Half-life is one of the oldest pharmacokinetic parameters discussed in the medical community yet continues to be a source of confusion for many medical students and even well-versed clinicians.[6] For this reason, the USMLE examiners continue to evaluate medical students and licensed physicians on this elusive topic. Within the concept of half-life, many assumptions are necessary, including a one-compartment system metabolizing the drug, a perfectly first-ordered system free of any renal or hepatic deficiencies, and an isolated system without any drug-drug interactions or alternative metabolic pathways. This situation is seldom the case in a clinical setting where physicians have patients who present with chronic kidney disease or other ailments, and who may take numerous medications with potential drug interactions. Also, patient age is a significant factor in determining the accurate half-life of a drug, particularly for pediatric and geriatric patients in which drug metabolism and thus half-life can vary significantly from a healthy middle-aged adult. Because of the highly theoretical model of half-life, it is often challenging to implement into practice and use it as a tool for clinical decision making. Thus, medical students and physicians need to factor such realities into half-life calculations for effective and safe pharmacological management. Numerous studies have attempted to establish methodologies that account for such nuances in the management of disease based on individual pharmacokinetic drug profiles.[7][8]

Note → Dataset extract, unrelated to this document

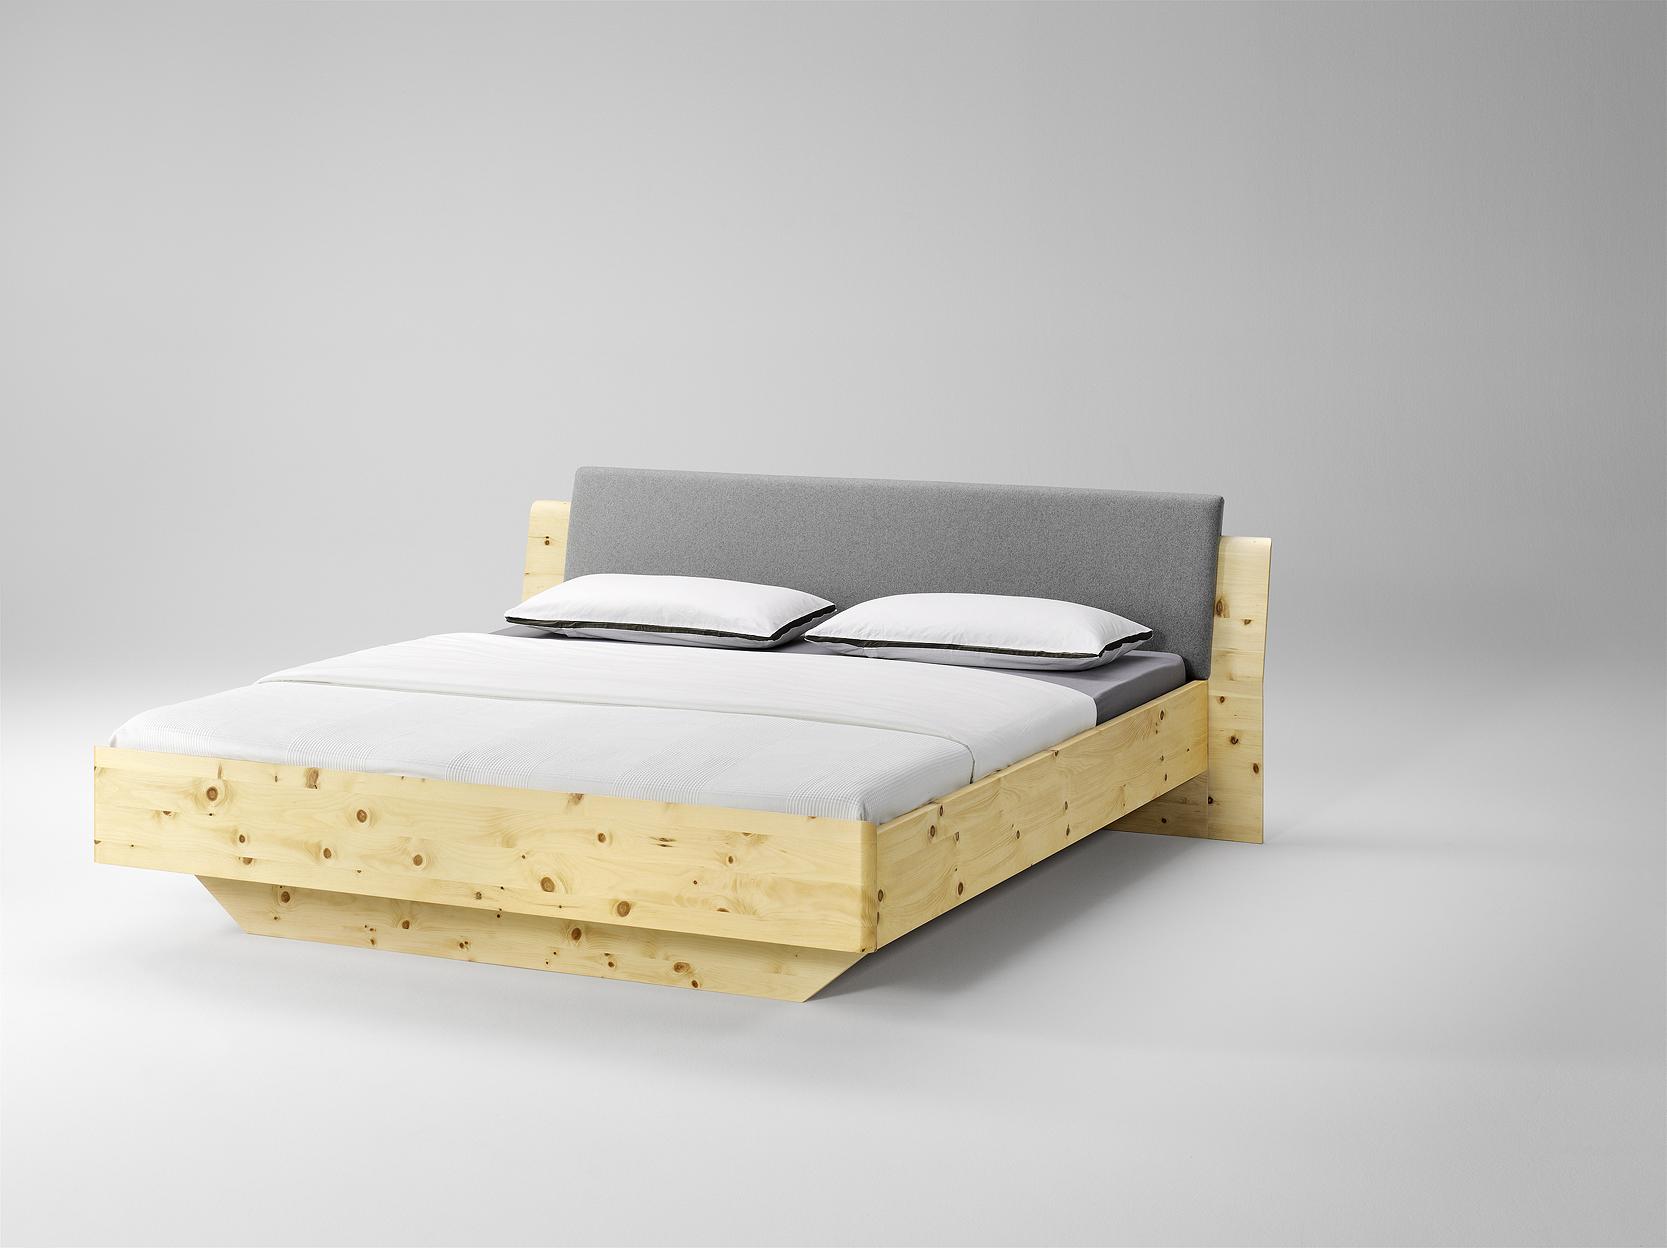 massivholz zirbenbett tares inkl. 2 nachtkästchen in oberfläche, Schlafzimmer entwurf

The clinical significance of half-life tends to arise in situations involving drug toxicity. These incidences can result from patients who have overdosed or received an incorrect amount of a particular drug from medical staff, who have clinically significant renal or hepatic failure, or who have any other multitude of factors that increase drug plasma concentrations above a given toxic threshold. In the case of renal failure, drug excretion will be impaired, and consequently, the peak initial concentration and excretion rate of a given drug will increase.[9] Hepatic disease also affects the half-life of a given drug due to impaired metabolism. Because the liver inactivates active metabolites at a slower rate, the body will take a more extended period to remove the drug from circulation.[10] Half-life is also clinically relevant when physicians must determine the most efficient yet safest dosing schedule to achieve an optimal therapeutic effect, or when a steady-state concentration of a drug is desirable. The regular occurrence of these types of clinical scenarios explains why medical professionals rely so frequently on half-life drug calculations in practice, and why it continues to receive emphasis throughout medical education.